This is part of a 5 part series on Rivet's transition to Cardinal. If you are unfamiliar with Cardinal, we suggest starting with the introduction
EtherCattle
Years ago when our team first started building OpenRelay, we quickly found that the hardest part of our stack to manage from an operational perspective was the Ethereum node infrastructure. Ethereum nodes can be quite cumbersome to manage — they’re peer-to-peer systems that rely on getting information from strangers on the internet, many of whom are not good at running Ethereum nodes. They have hundreds of gigabytes of data (terabytes if you want an archive node), making backup and recovery a bear. And if you want to scale them up — good luck — it quickly gets way more complicated than putting nodes behind a loadbalancer if you want anything resembling a consistent view of data.
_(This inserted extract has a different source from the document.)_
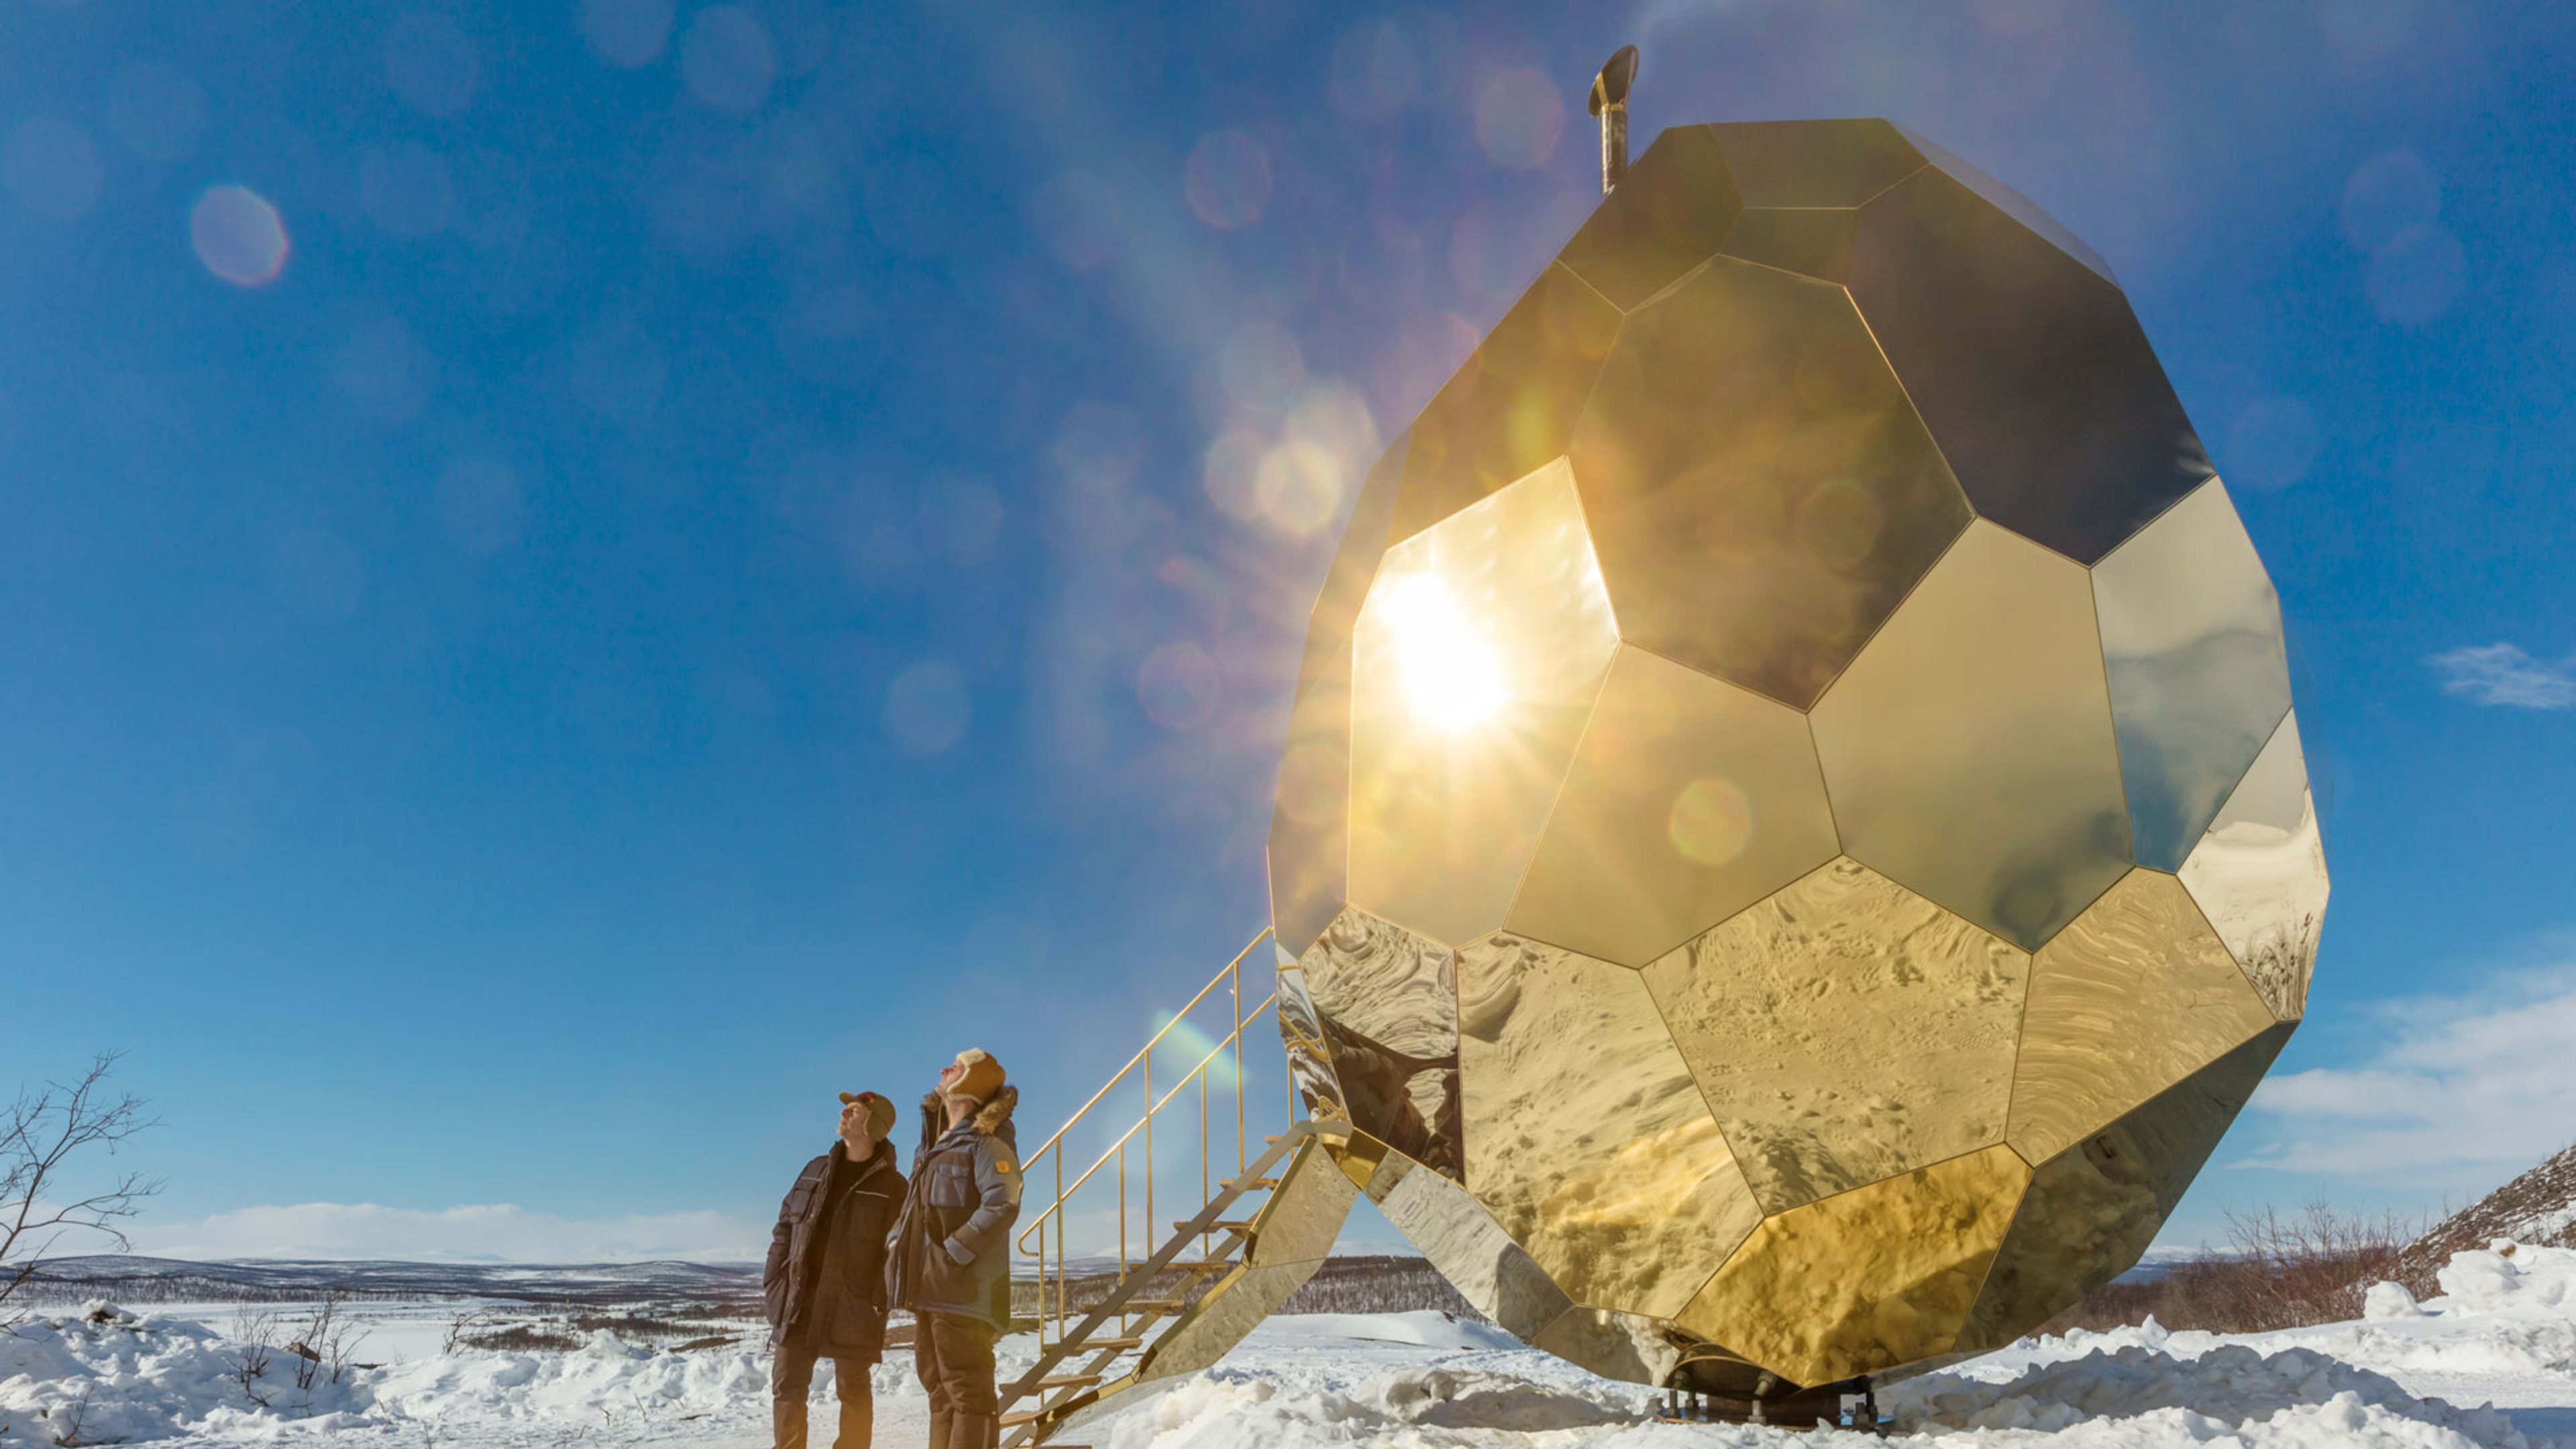 Now You Can Sauna In A Giant Golden Egg In Sweden’s Northernmost Town

So the OpenRelay team borrowed the concept of streaming replication from more traditional database. We created the EtherCattle initiative — a system with master and replica nodes, where the masters connect to peers, validate the blocks coming in, and share their data with replicas that handle requests from clients. This has worked quite well for Rivet — over the nearly two years since we launched we’ve achieved some of the highest uptime in the industry while scaling on demand to meet our customers needs.
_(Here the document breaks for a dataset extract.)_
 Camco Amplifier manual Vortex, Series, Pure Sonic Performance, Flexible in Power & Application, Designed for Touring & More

But the EtherCattle initiative has a significant shortcoming. Both the master and replica servers in EtherCattle are derivatives of Geth — the Ethereum client written in Go. The streaming replication system is fairly naive — everything that the master writes to its database is streamed bit-for-bit to the replica, which writes the data bit-for-bit to its own disk. This hinges on the replica and master using the exact same schema for their respective databases, and this is becoming a problem.
There are several reasons this tight coupling between our replicas and masters is a problem.
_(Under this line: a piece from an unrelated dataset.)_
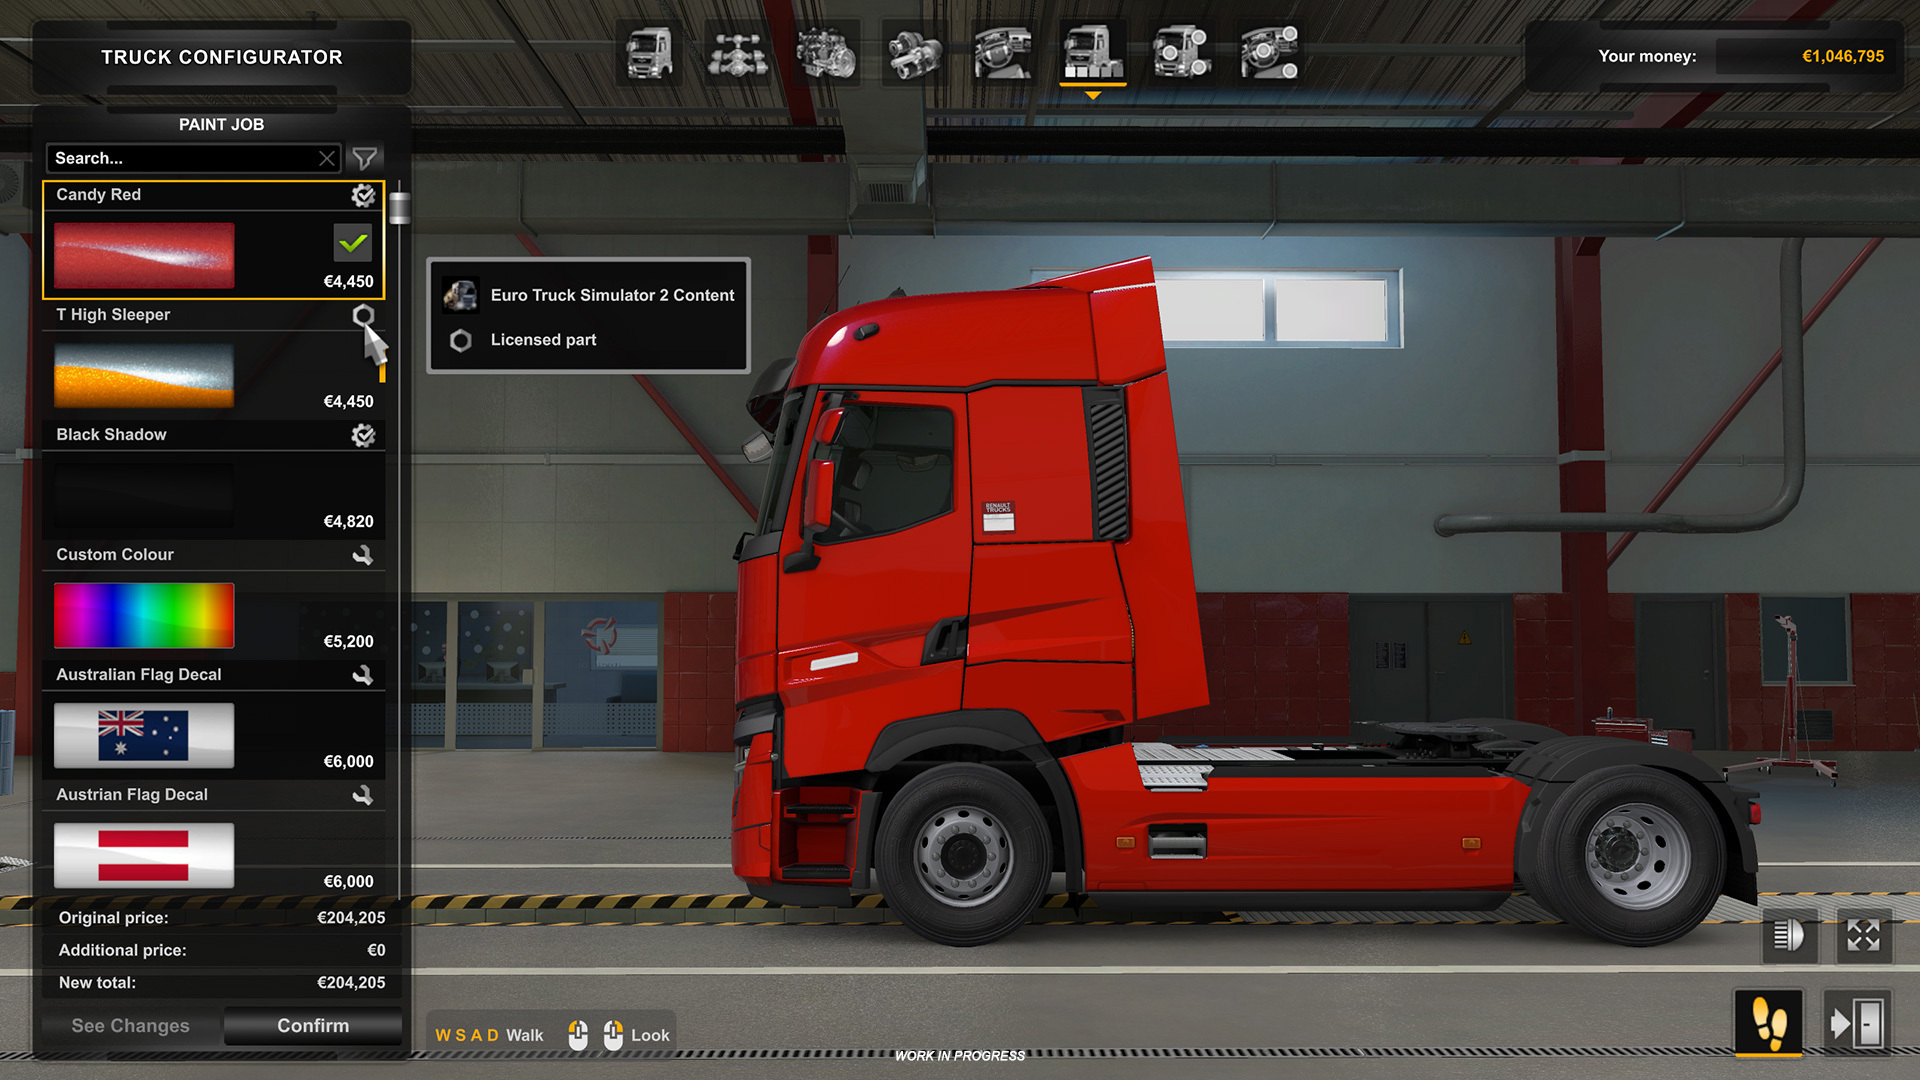 ETS2/ATS Coming To Steam Deck, A New Hand-Held Gaming PC

First and foremost, it limits the chains we can support. We currently have versions of EtherCattle for Geth and ETC Labs’ core-geth, allowing us to support chains supported by those clients:
- Ethereum Mainnet
- Ethereum Classic
- Ropsten
- Goerli
- Rinkeby
And potentially a handful of others such as Kotti and Mordor, though those are untested.
We would really like to be able to expand our horizon to chains not supported by Geth, such as:
- Polygon
- xDai
- Optimism
- Kovan
and other EVM based (or EVM derived) networks that either have their own clients or forked from Geth long enough ago that maintaining EtherCattle becomes a challenge. If we need bit-for-bit compatibility between our masters and our replicas, there are huge challenges to supporting lots of different chains.
This is where Cardinal comes in.
Cardinal
The key idea of Cardinal is to separate the master server and the replica server with an explicitly defined communication layer, abstracted away from how either system stores its data. This will make it easier to adapt other clients to act as Cardinal masters, and can let the Cardinal replica focus on storing and serving data in the best way possible for RPC clients, rather than being structured for Geth’s concerns of participating in a peer-to-peer protocol.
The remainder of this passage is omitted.